Post

Building a Register VM Interpreter - Part 7: Expression Descriptor and Register

This guide is about building a register-based VM interpreter from scratch. We need a mechanism to delay emitting bytecode until we know exactly where the data lives. We need a way to describe an expression's state while it is still in transit.

Building a Register VM Interpreter - Part 7: Expression Descriptor and Register

In the previous part, we have successfully build a Vaughan Pratt’s parsing algorithm.
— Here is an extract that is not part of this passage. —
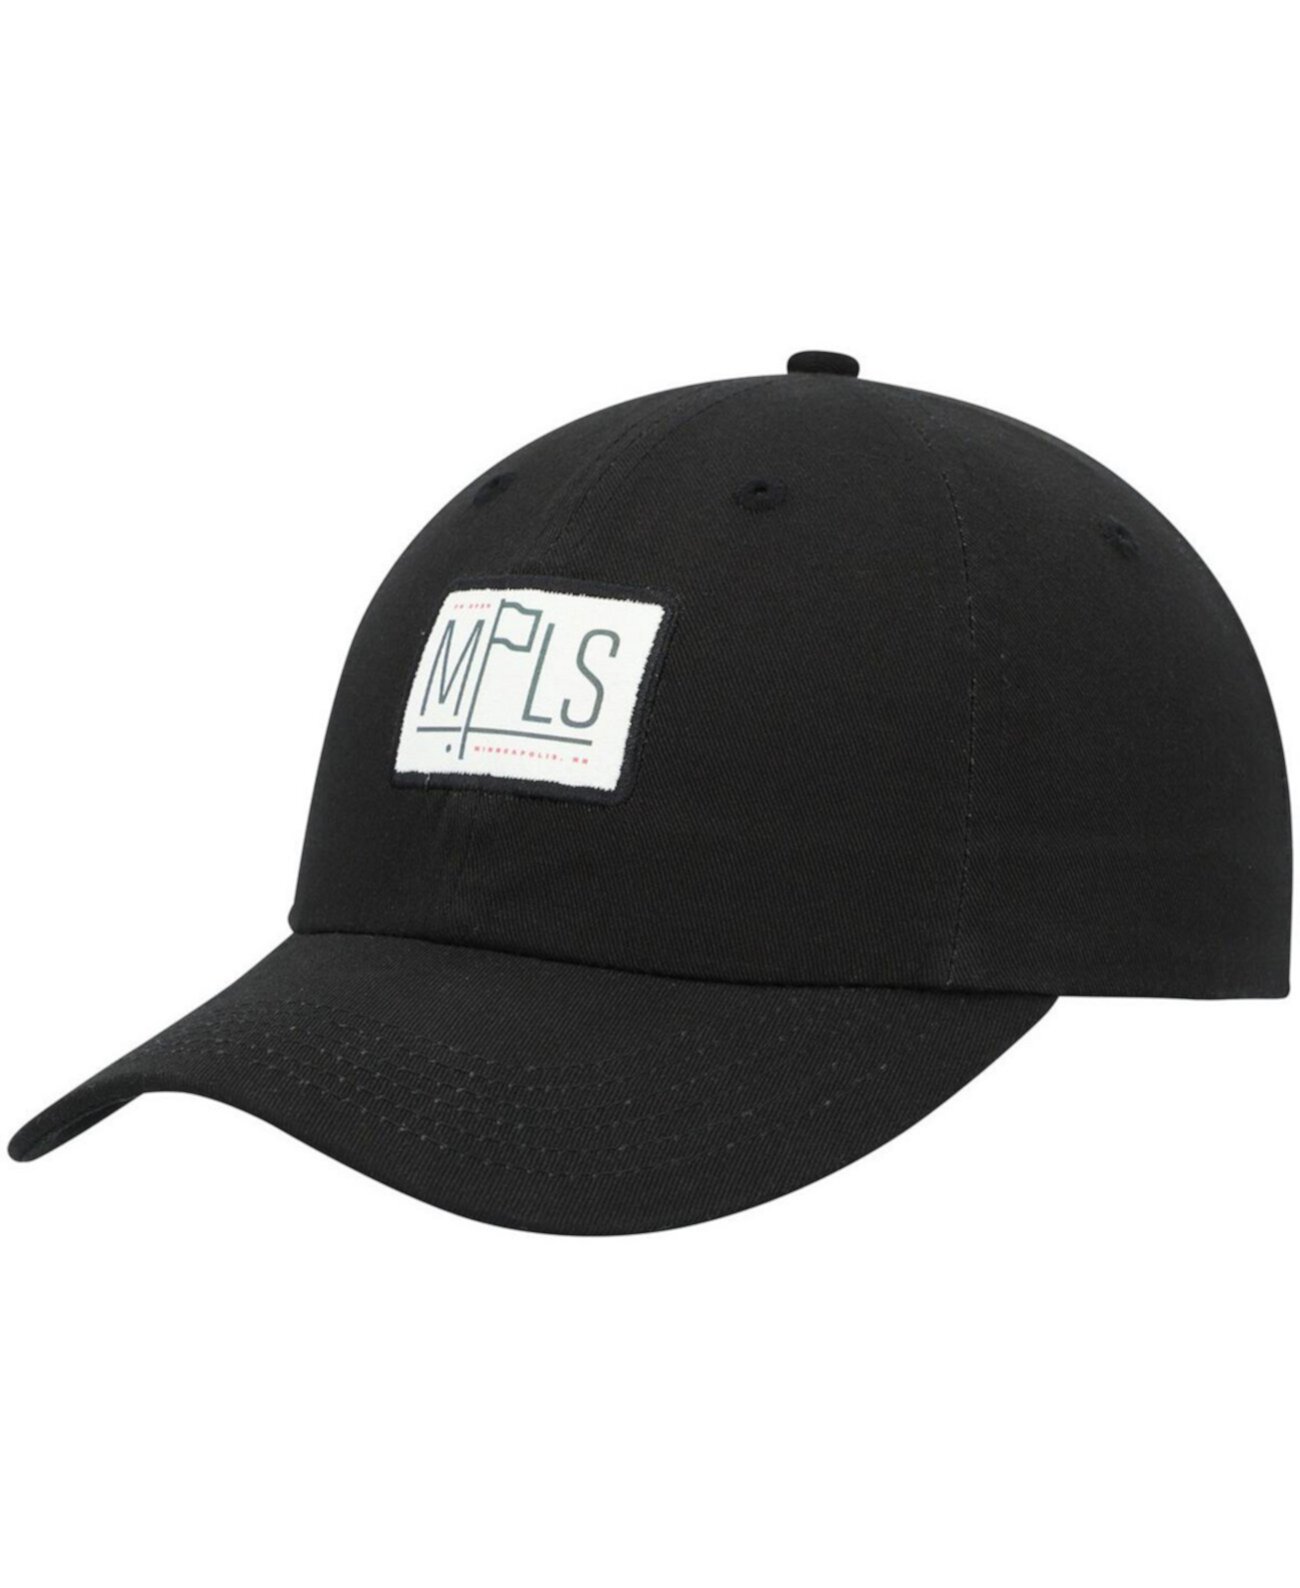 Мужская черная регулируемая шапка 3M Open MPLS Imperial

We now have a single-pass parser, transforming a linear stream of tokens into structured, context-aware operations, without the use of AST. But where does the data actually go?

If we were building a traditional stack-based virtual machine (like the JVM or Python’s standard CPython interpreter), the answer would be simple. A stack machine operates on implicit locations, specifically, the top of the stack.
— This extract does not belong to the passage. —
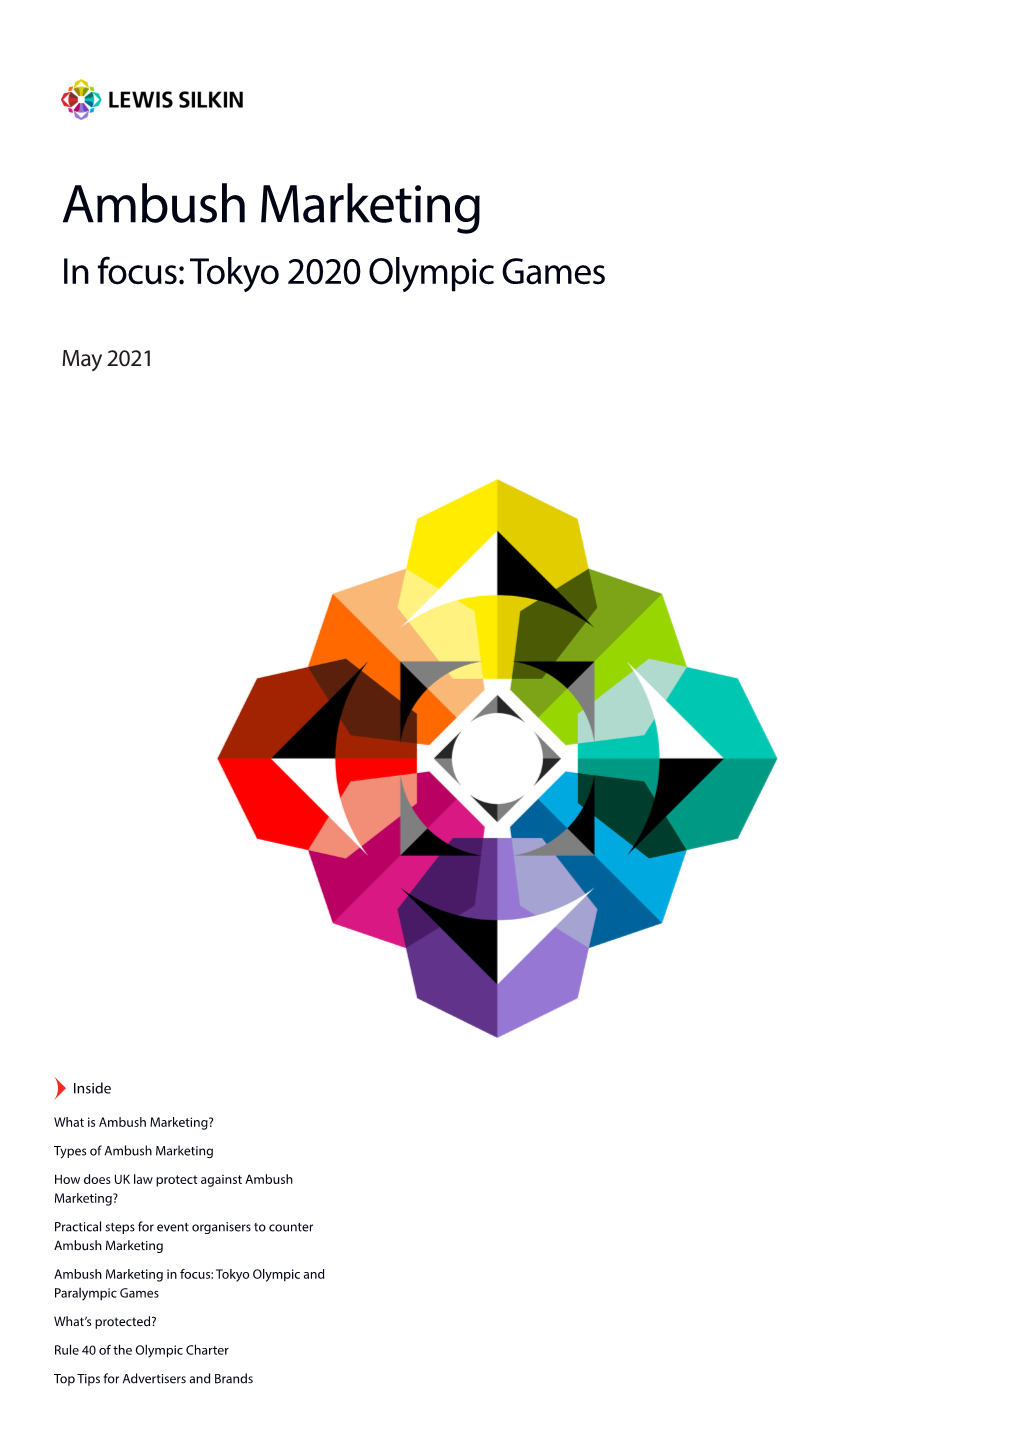 Ambush Marketing in Focus: Tokyo 2020 Olympic Games

To compiler a a + b in a stack-based VM, the compiler simply emits instructions to push a to the stack, push b to the stack, and then call an add operation. The stack abstracts all of that away.

For a register-based VM, however, we do not have a push-pop mechanism for operations. Instead, the instructions expect targets. As defined in the instruction set, a bytecode is usually shaped to require a target, a left operand, and a right operand.

This architectural choise completely changes the responsibility of the compiler. It can no longer emit OpCodes bindly. When the parser needs to add two things together, the compiler must be able to figure out following questions:

  • Which specific register slot currently hold the left operand.

  • Which specific register slot currently hold the right operand.

  • Which available register slot can hold the result safely without breaking existing data.

In a register VM, the compiler acts as a traffic controller. It has to manage a sliding window of virtual registers, which, at runtime, are simply indexed slots in the current function’s memory frame. It must explicitly allocate temporary registers to hold intermediate calculations (like the result of b * c before it can be added to a), keep track of the register currently in use, and free those temporary registers the exact moment their data is consumed.

To achieve this explicit routing ina single-pass compiler, we need a mechanism to delay emitting bytecode until we know exactly where the data lives. We need a way to describe an expression’s state while it is still in transit.

The Expression Descriptor

Because we are building a single-pass compiler, we do not build an AST. We parse the tokens and emit bytecode immediately. But as we established, in a register machine, we cannot emit a bytecode instruction until we know exactly which registers are involved.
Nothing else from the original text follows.